#### Collected material

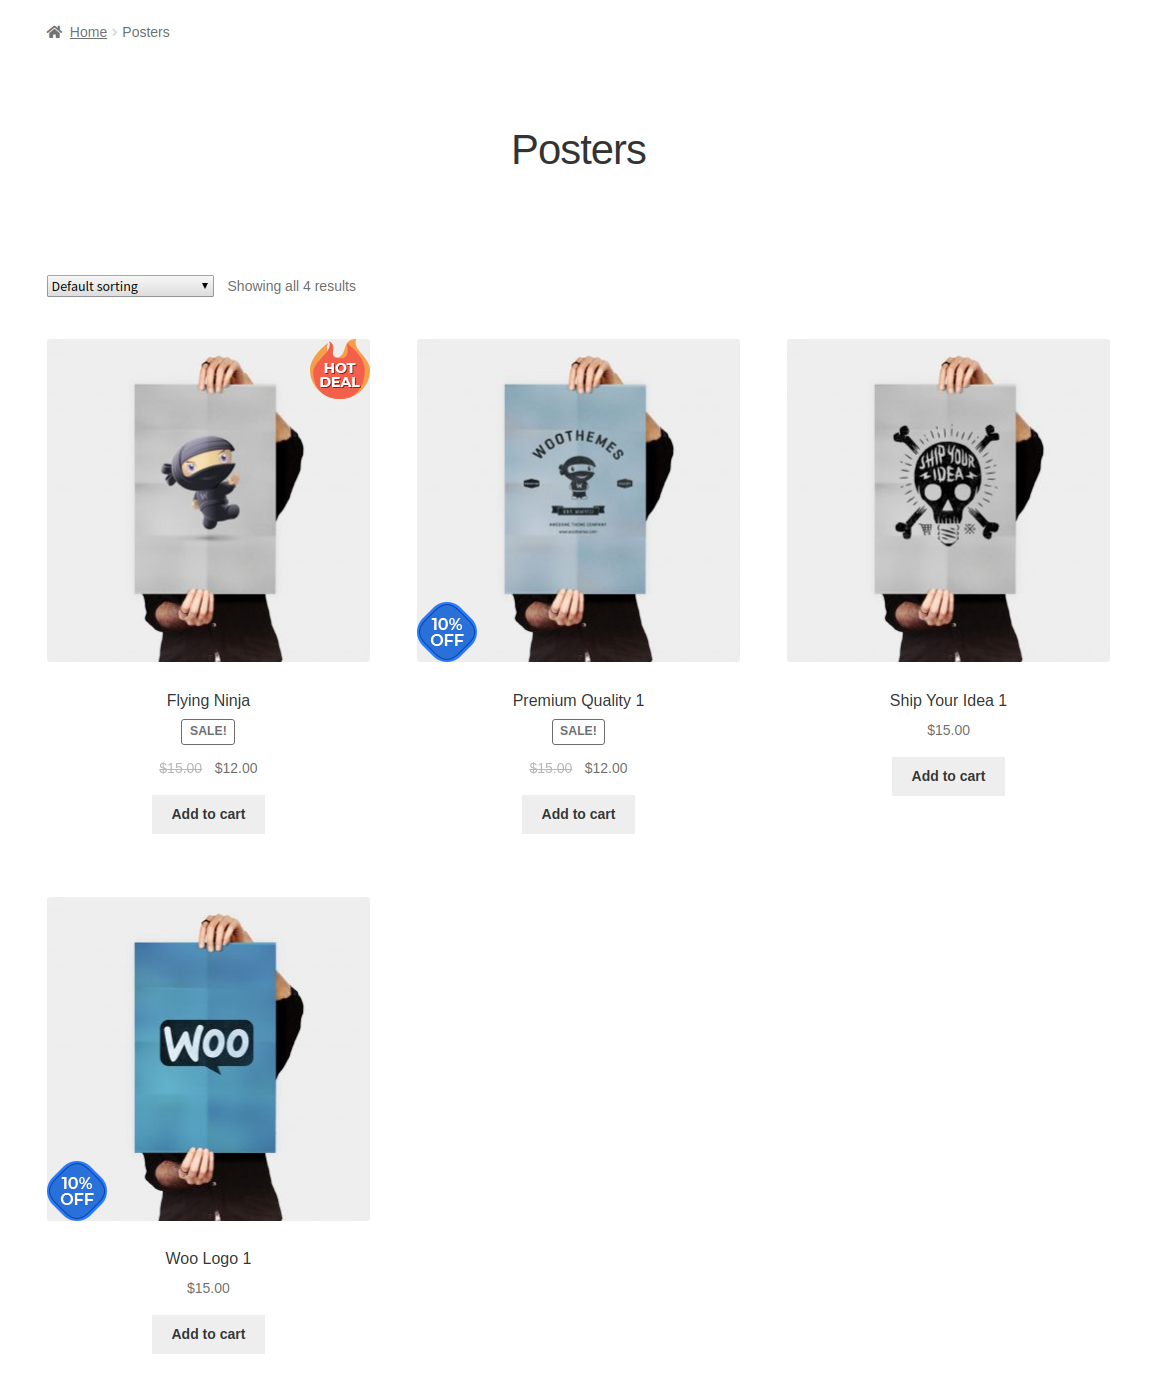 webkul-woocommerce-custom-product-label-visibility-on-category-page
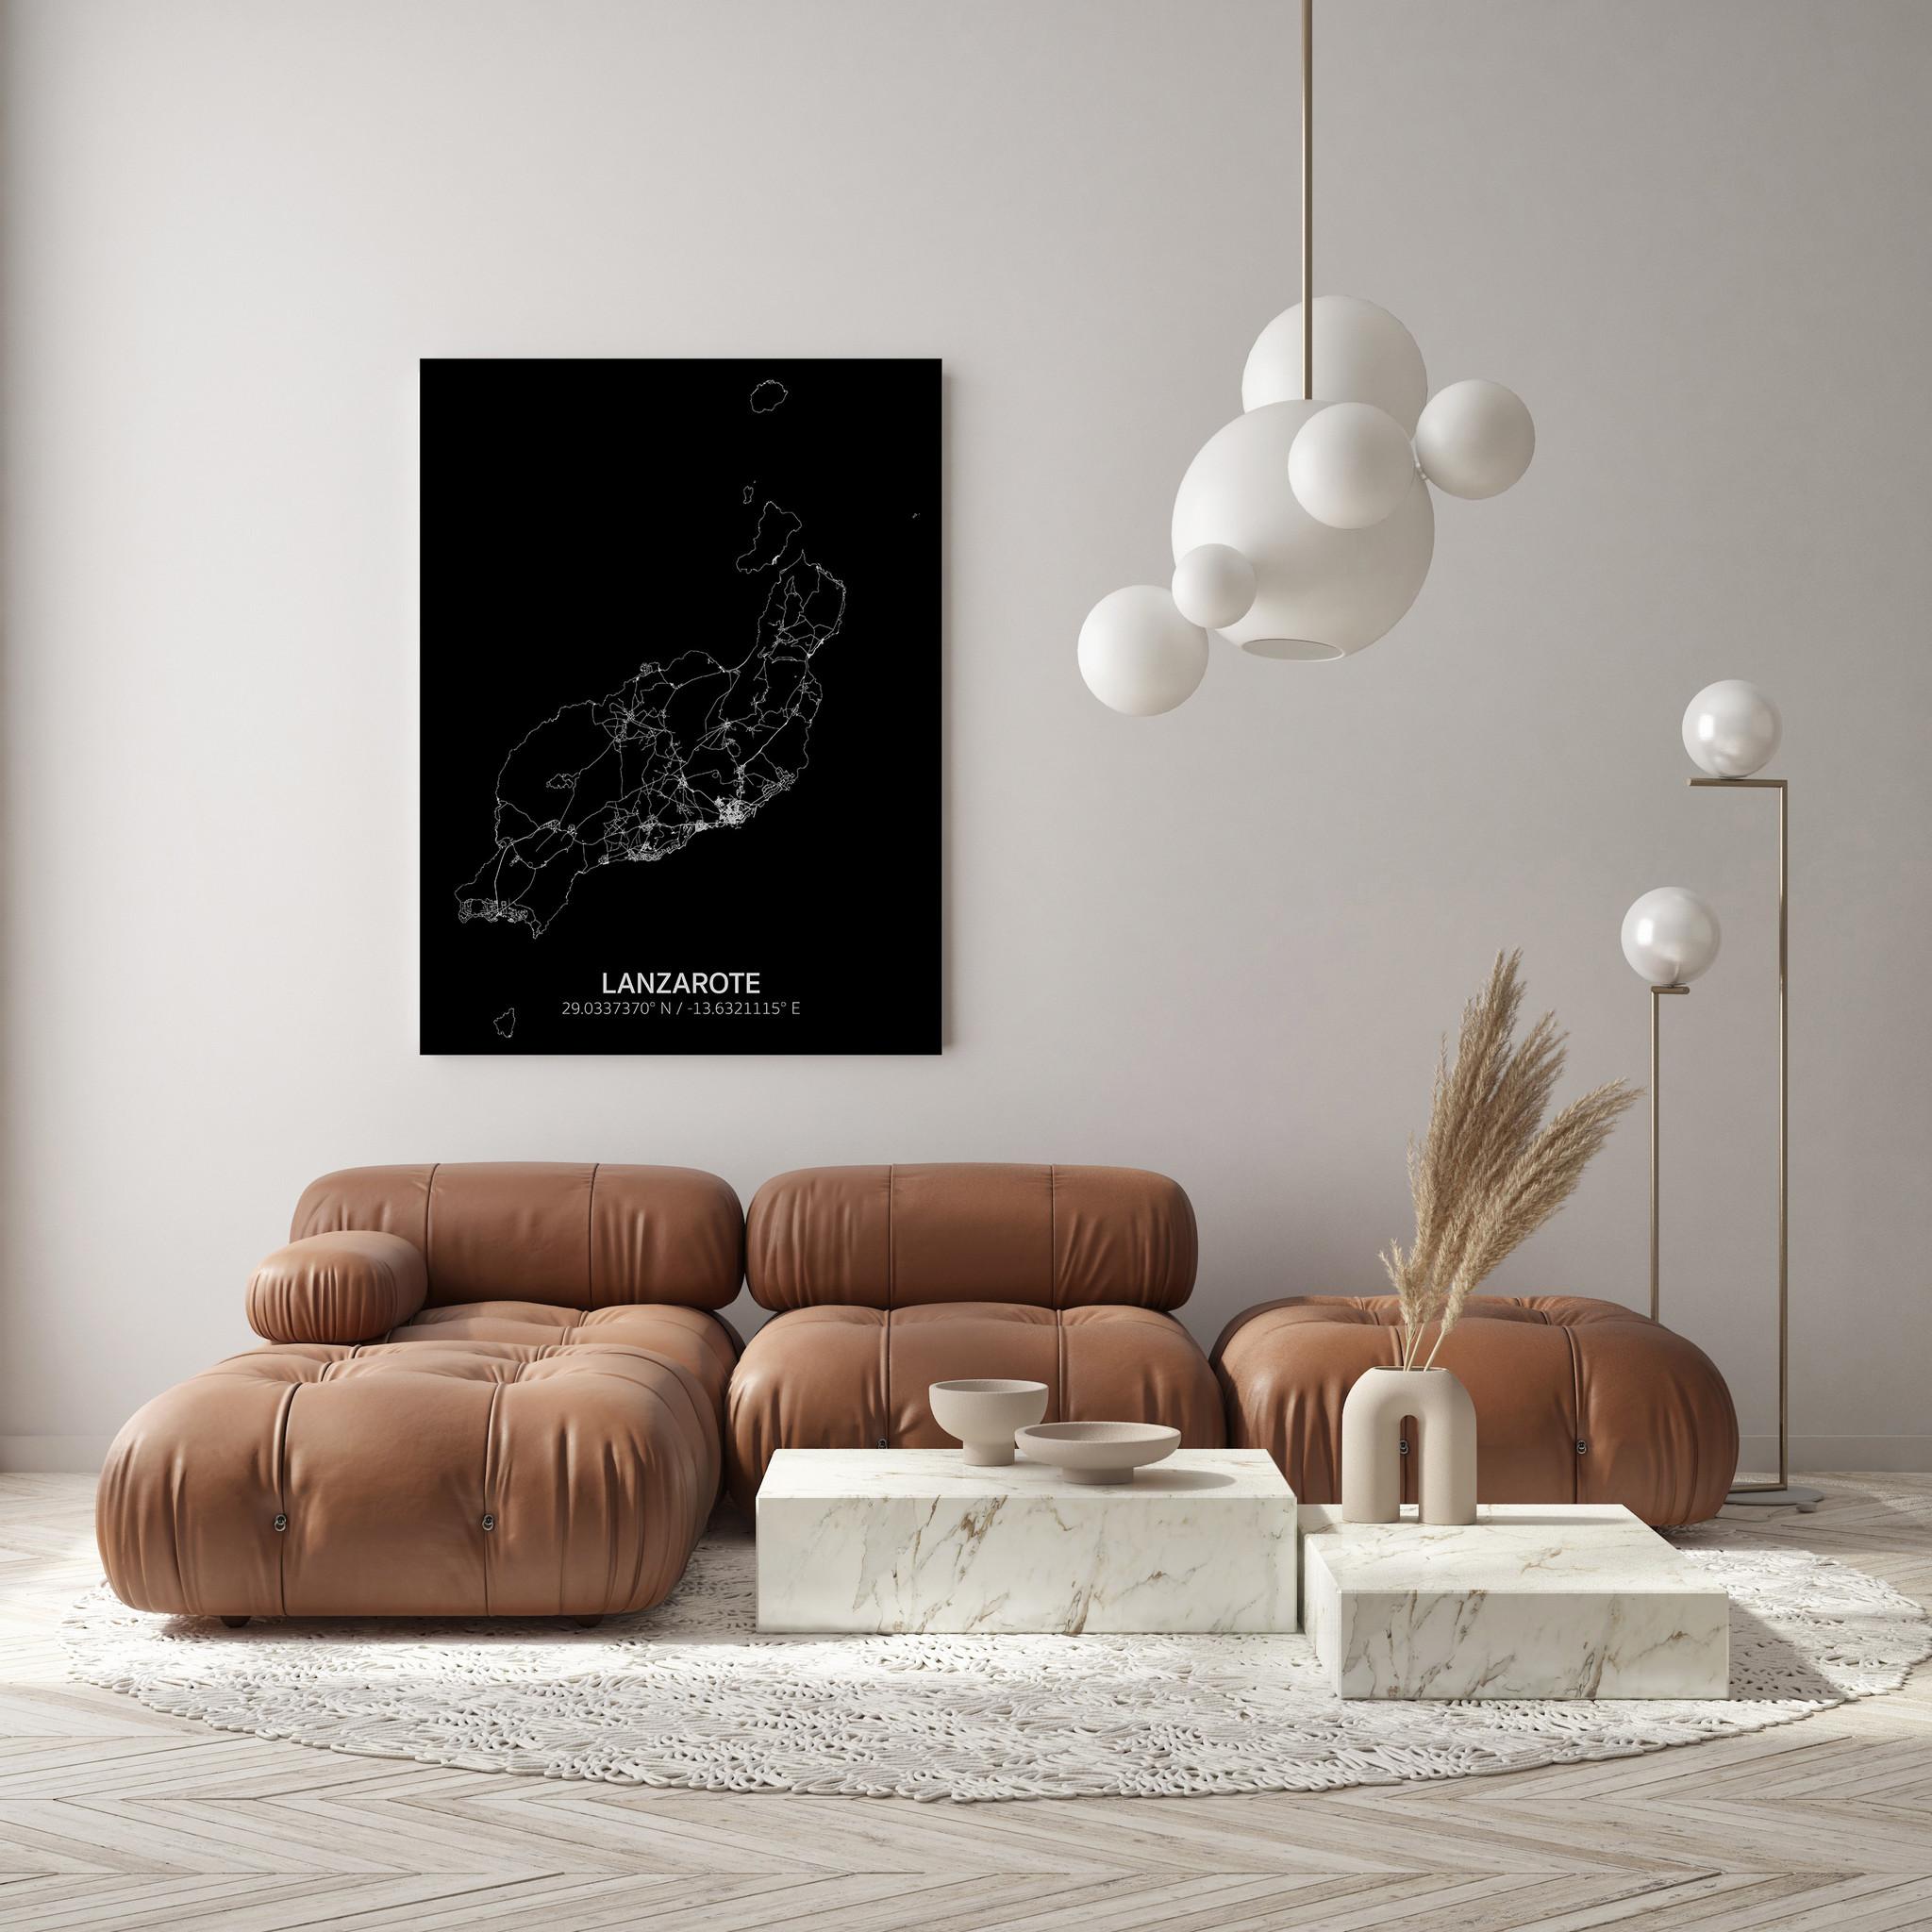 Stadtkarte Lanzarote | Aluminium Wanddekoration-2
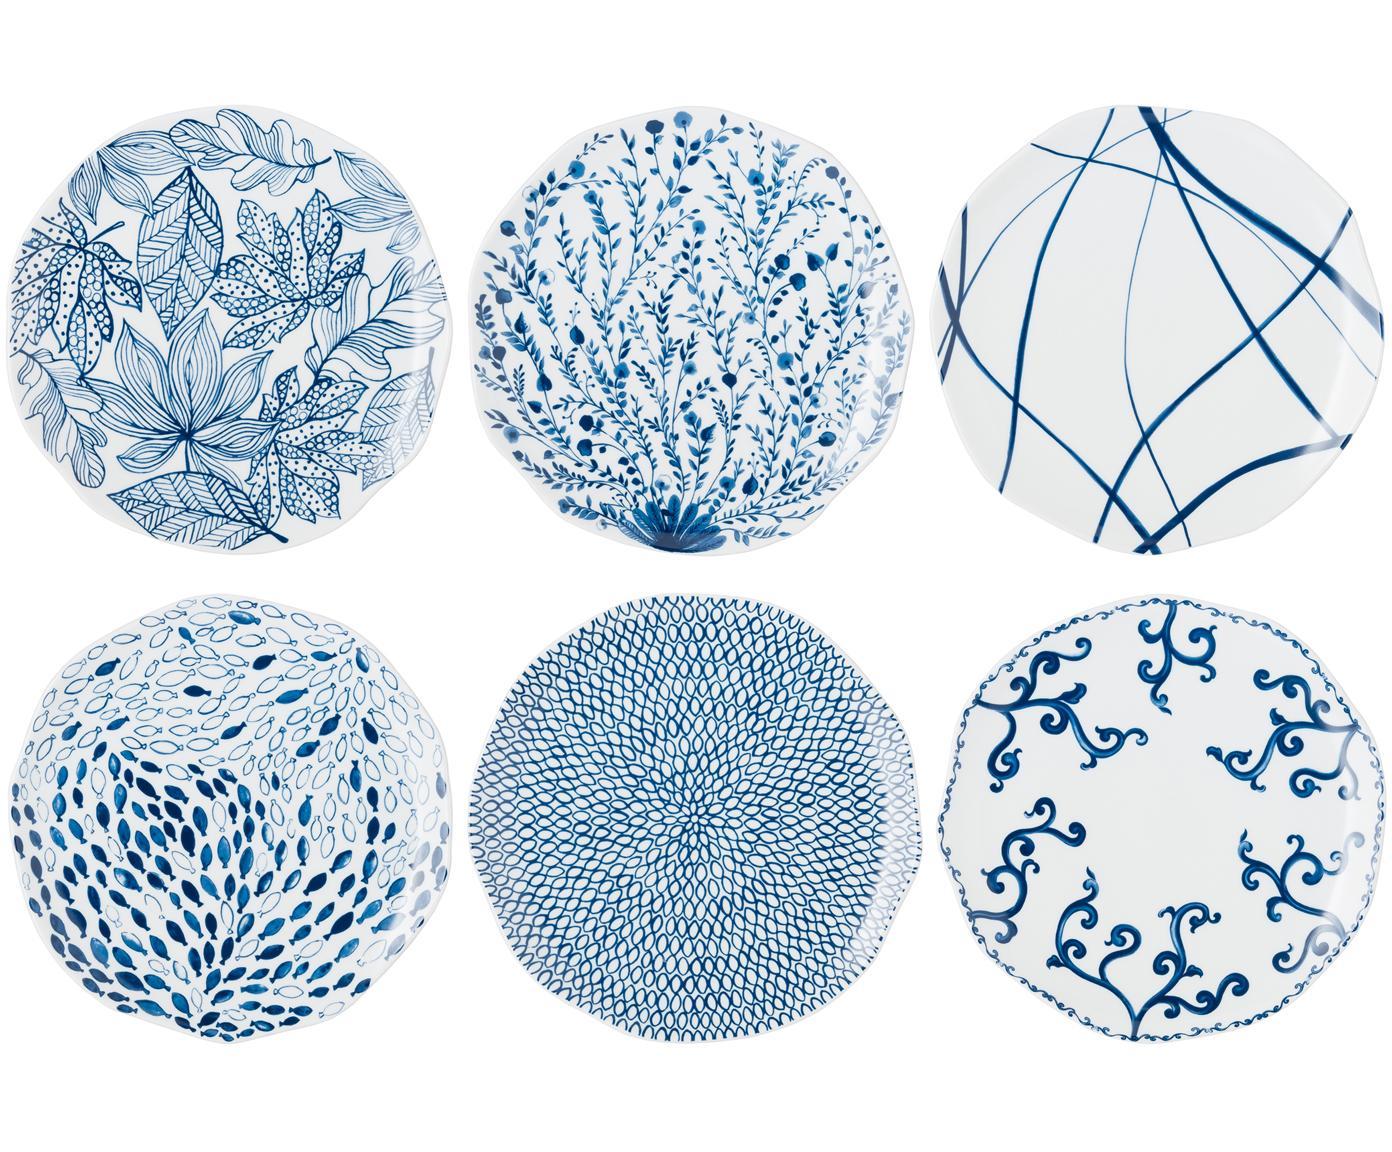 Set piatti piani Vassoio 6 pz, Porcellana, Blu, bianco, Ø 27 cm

########

Give back the material word for word and drop the pictures it holds.

**Solution to the exercise**
 webkul-woocommerce-custom-product-label-visibility-on-category-page
 Stadtkarte Lanzarote | Aluminium Wanddekoration-2
 Set piatti piani Vassoio 6 pz, Porcellana, Blu, bianco, Ø 27 cm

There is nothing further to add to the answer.